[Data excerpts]
::::::::

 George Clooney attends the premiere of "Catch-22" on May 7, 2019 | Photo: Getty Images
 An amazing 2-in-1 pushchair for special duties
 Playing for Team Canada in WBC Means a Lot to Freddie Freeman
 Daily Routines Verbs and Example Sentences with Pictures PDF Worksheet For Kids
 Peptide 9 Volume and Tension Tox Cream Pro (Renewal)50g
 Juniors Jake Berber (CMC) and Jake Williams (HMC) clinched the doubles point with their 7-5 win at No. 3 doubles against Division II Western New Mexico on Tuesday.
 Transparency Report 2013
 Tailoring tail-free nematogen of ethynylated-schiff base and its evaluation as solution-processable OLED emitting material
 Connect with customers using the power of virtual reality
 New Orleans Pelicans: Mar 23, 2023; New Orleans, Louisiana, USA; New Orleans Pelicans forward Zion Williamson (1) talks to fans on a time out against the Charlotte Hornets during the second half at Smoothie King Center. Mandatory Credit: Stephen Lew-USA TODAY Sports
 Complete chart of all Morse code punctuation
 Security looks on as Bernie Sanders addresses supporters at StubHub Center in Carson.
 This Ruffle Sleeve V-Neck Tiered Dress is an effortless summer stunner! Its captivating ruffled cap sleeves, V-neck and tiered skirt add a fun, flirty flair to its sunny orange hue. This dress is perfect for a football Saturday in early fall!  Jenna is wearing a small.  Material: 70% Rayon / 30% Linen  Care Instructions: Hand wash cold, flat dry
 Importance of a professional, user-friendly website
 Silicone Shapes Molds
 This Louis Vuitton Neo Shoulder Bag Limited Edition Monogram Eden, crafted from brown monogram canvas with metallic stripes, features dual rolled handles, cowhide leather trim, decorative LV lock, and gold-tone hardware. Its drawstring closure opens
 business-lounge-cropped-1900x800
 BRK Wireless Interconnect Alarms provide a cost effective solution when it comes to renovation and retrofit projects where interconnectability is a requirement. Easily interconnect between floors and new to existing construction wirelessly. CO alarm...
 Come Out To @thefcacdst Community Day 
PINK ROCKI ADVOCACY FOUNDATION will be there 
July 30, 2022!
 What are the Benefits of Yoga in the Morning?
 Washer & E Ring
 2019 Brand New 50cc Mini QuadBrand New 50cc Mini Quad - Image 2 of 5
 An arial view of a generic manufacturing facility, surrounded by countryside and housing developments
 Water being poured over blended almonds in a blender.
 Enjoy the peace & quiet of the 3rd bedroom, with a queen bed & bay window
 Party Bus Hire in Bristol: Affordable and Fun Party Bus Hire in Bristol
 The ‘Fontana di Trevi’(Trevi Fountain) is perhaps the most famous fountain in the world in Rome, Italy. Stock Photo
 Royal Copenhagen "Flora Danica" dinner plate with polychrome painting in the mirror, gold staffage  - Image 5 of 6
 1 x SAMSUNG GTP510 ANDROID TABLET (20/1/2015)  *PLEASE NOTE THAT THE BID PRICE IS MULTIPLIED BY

::::::::

▶ [Work item]
Up to and including the line with "business-lounge-cropped-1900x800", output every line of the records above exactly, starting from the first; output nothing else.

▶ [Final answer]
 George Clooney attends the premiere of "Catch-22" on May 7, 2019 | Photo: Getty Images
 An amazing 2-in-1 pushchair for special duties
 Playing for Team Canada in WBC Means a Lot to Freddie Freeman
 Daily Routines Verbs and Example Sentences with Pictures PDF Worksheet For Kids
 Peptide 9 Volume and Tension Tox Cream Pro (Renewal)50g
 Juniors Jake Berber (CMC) and Jake Williams (HMC) clinched the doubles point with their 7-5 win at No. 3 doubles against Division II Western New Mexico on Tuesday.
 Transparency Report 2013
 Tailoring tail-free nematogen of ethynylated-schiff base and its evaluation as solution-processable OLED emitting material
 Connect with customers using the power of virtual reality
 New Orleans Pelicans: Mar 23, 2023; New Orleans, Louisiana, USA; New Orleans Pelicans forward Zion Williamson (1) talks to fans on a time out against the Charlotte Hornets during the second half at Smoothie King Center. Mandatory Credit: Stephen Lew-USA TODAY Sports
 Complete chart of all Morse code punctuation
 Security looks on as Bernie Sanders addresses supporters at StubHub Center in Carson.
 This Ruffle Sleeve V-Neck Tiered Dress is an effortless summer stunner! Its captivating ruffled cap sleeves, V-neck and tiered skirt add a fun, flirty flair to its sunny orange hue. This dress is perfect for a football Saturday in early fall!  Jenna is wearing a small.  Material: 70% Rayon / 30% Linen  Care Instructions: Hand wash cold, flat dry
 Importance of a professional, user-friendly website
 Silicone Shapes Molds
 This Louis Vuitton Neo Shoulder Bag Limited Edition Monogram Eden, crafted from brown monogram canvas with metallic stripes, features dual rolled handles, cowhide leather trim, decorative LV lock, and gold-tone hardware. Its drawstring closure opens
 business-lounge-cropped-1900x800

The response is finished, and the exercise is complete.